Lift up your eyes and look to the
heavens: Who created all these? He who brings out the starry host one by one
and calls forth each of them by name. — Isaiah 40:26
In
Isaiah’s day, God’s people had starved their imaginations by looking on the
faces of idols. Isaiah told them to look to God, to the author of everything
created and imagined. He made them lift their eyes to the heavens, so that they
might begin to use their imaginations aright.
Nature to
a child of God is sacramental. In every wind that blows, in every night and
every day, in every sign of the sky, in every blossoming and withering of the
earth, there is a real coming of God to us, if we will only use our starved
imaginations to realize it. If we learn to associate ideas worthy of God with
all that happens in nature—with the sunrises and the sunsets, with the moon and
the stars, with the changing seasons—our imaginations will never be at the
mercy of our impulses but will always be at his service.
Is your
imagination looking on the face of an idol? Is the idol yourself? Your work?
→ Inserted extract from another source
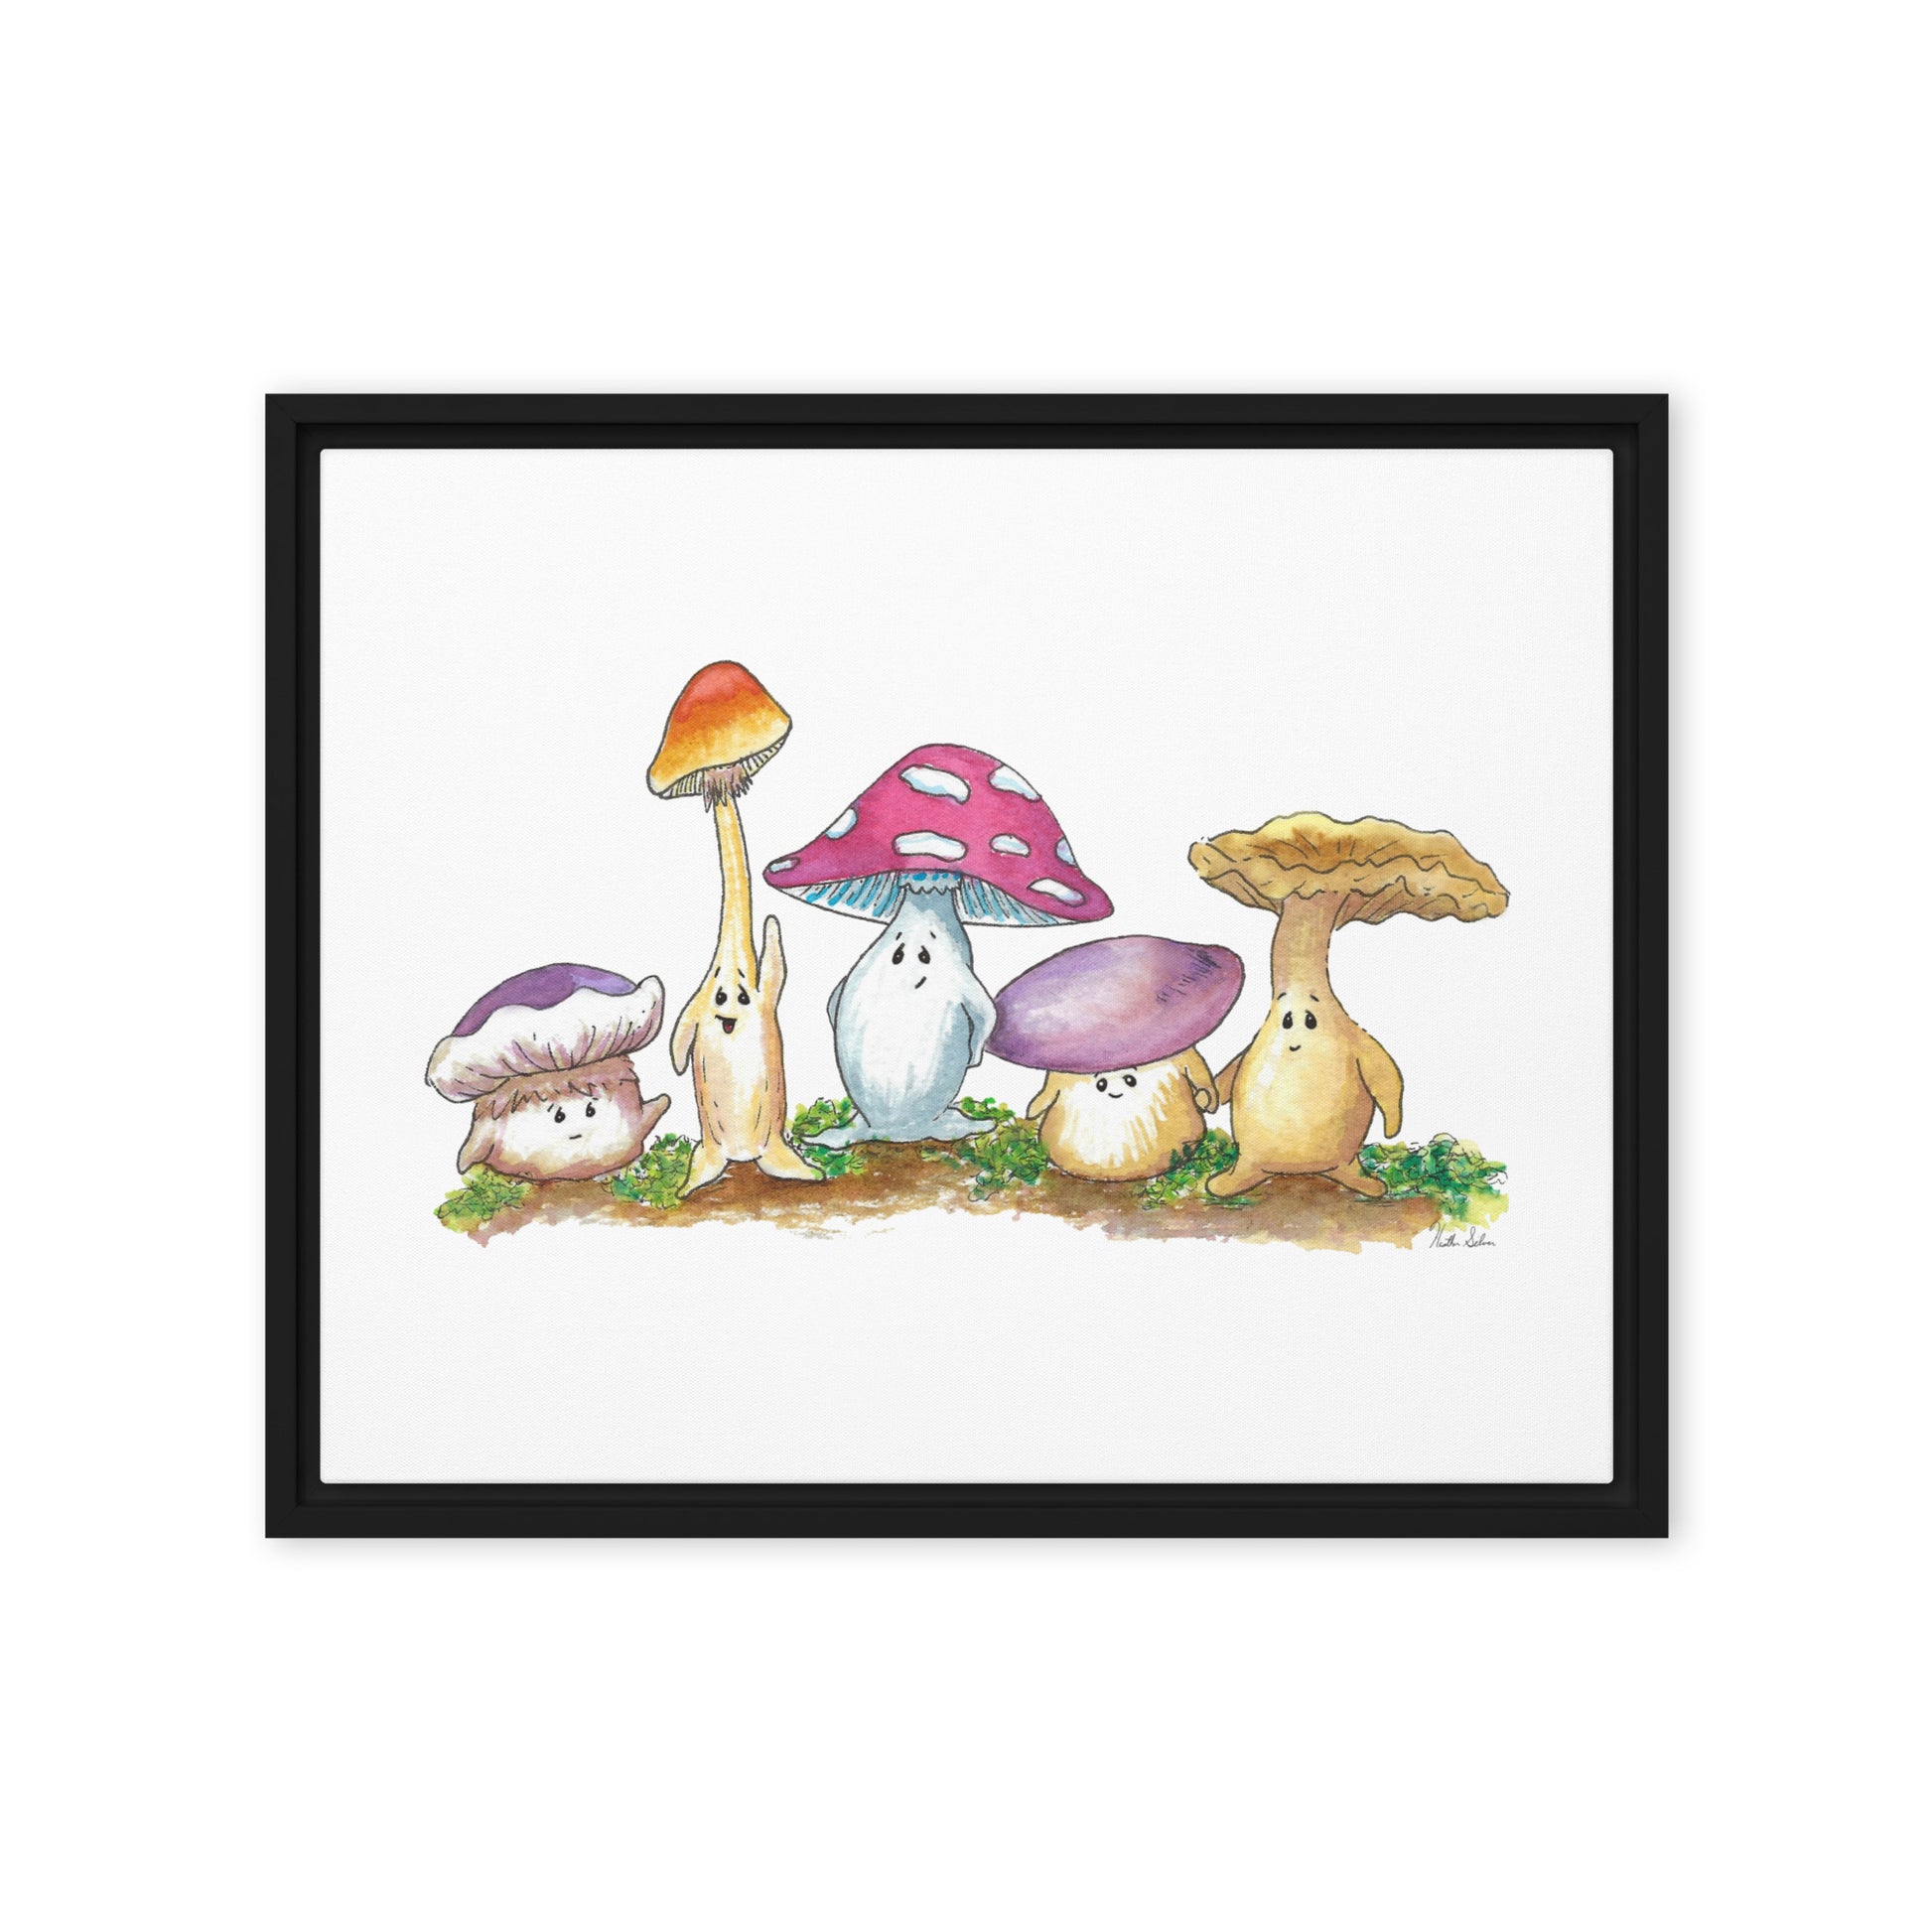 16 by 20 inch canvas print of Heather Silver's watercolor painting, Mushy and Friends. Framed in a black pine wood frame that gives it a floating canvas effect.

Your experiences of salvation and sanctification? If your imagination is
God-starved, you will have no power when difficulties arise. When you need
strength, don’t look to your own experience or understanding; it is God you
need. Go out of yourself—away from your idols, away from everything that has
been starving your imagination. Take Isaiah’s words to heart: lift your eyes to
the heavens and deliberately turn your mind to God.